Besloten werd het proces te doen plaatsvinden op basis van de aanwezige  chriftelijke verklaringen, die in voldoende mate betrouwbaar werden geacht en als overtuigend bewijs. De getuigen in persoon te horen, werd ondanks protest van de raadsman niet relevant geacht.

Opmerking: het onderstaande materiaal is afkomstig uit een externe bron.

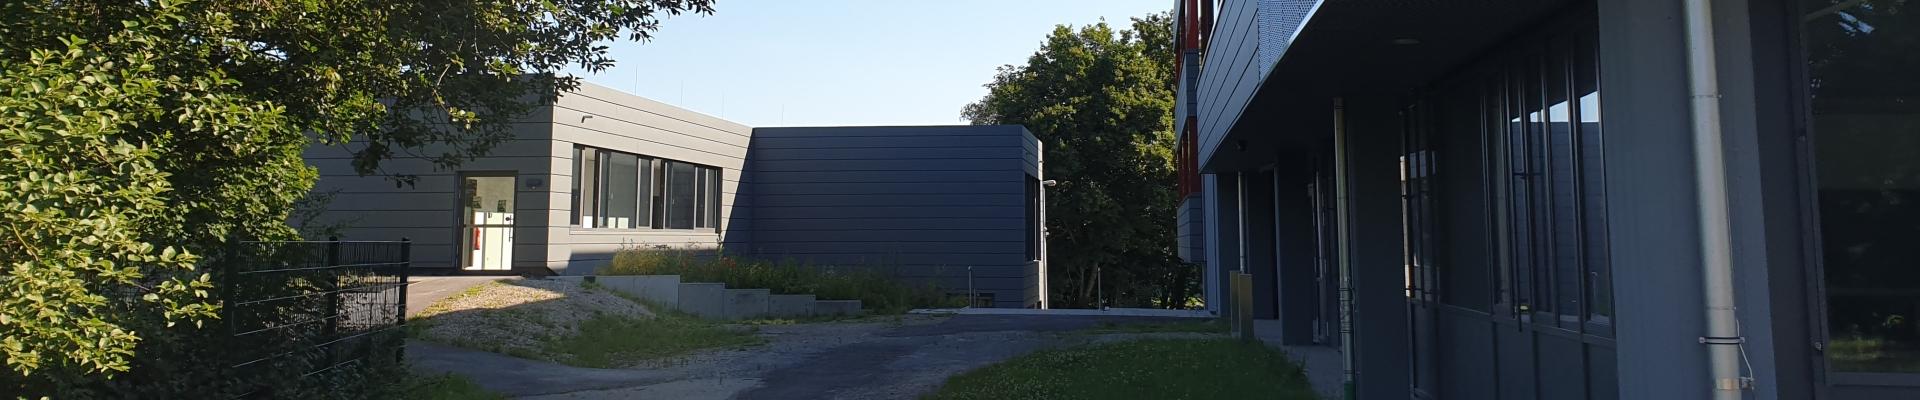 Felix-Fechenbach-Gesamtschule Leopoldshöhe

Eis van de aanklager – Officier van Administratie 1e klasse W.H. Vermeer

Op 26 juli 1943 hield de Fiscaal zijn requisitoir waarin hij tegen de 2eluitenant W.J. Burck de doodstraf eiste op grond van het ten laste gelegde bewezene:

  • Samenspanning tot het plegen van militair verraad in tijd van oorlog
  • Samenspanning tot desertie naam den vijand
  • Verspieding, meerdere malen gepleegd, doch een, voortgezette handeling uitmakende

ALLE feiten, gepleegd als meerdere, opzettelijk in deelneming met een militair van mindere rang. (de sgt.-vliegers E.H.J. de Lyon en H. Kelder).

Noot:
Bijzondere aantekening verdient de opmerking dat geen van de leden van de Zeekrijgsraad een juridische titel dan wel opleiding hadden genoten en dat de raadsman van de 2e lt. W.J. Burck de enige juridisch onderlegde was. (mr. J.J. Baron van Tuyll van Serooskerken (1905-1994) pratiseerde namelijk  reeds als jurist (advocaat – procureur in Nijmegen (1932-1935))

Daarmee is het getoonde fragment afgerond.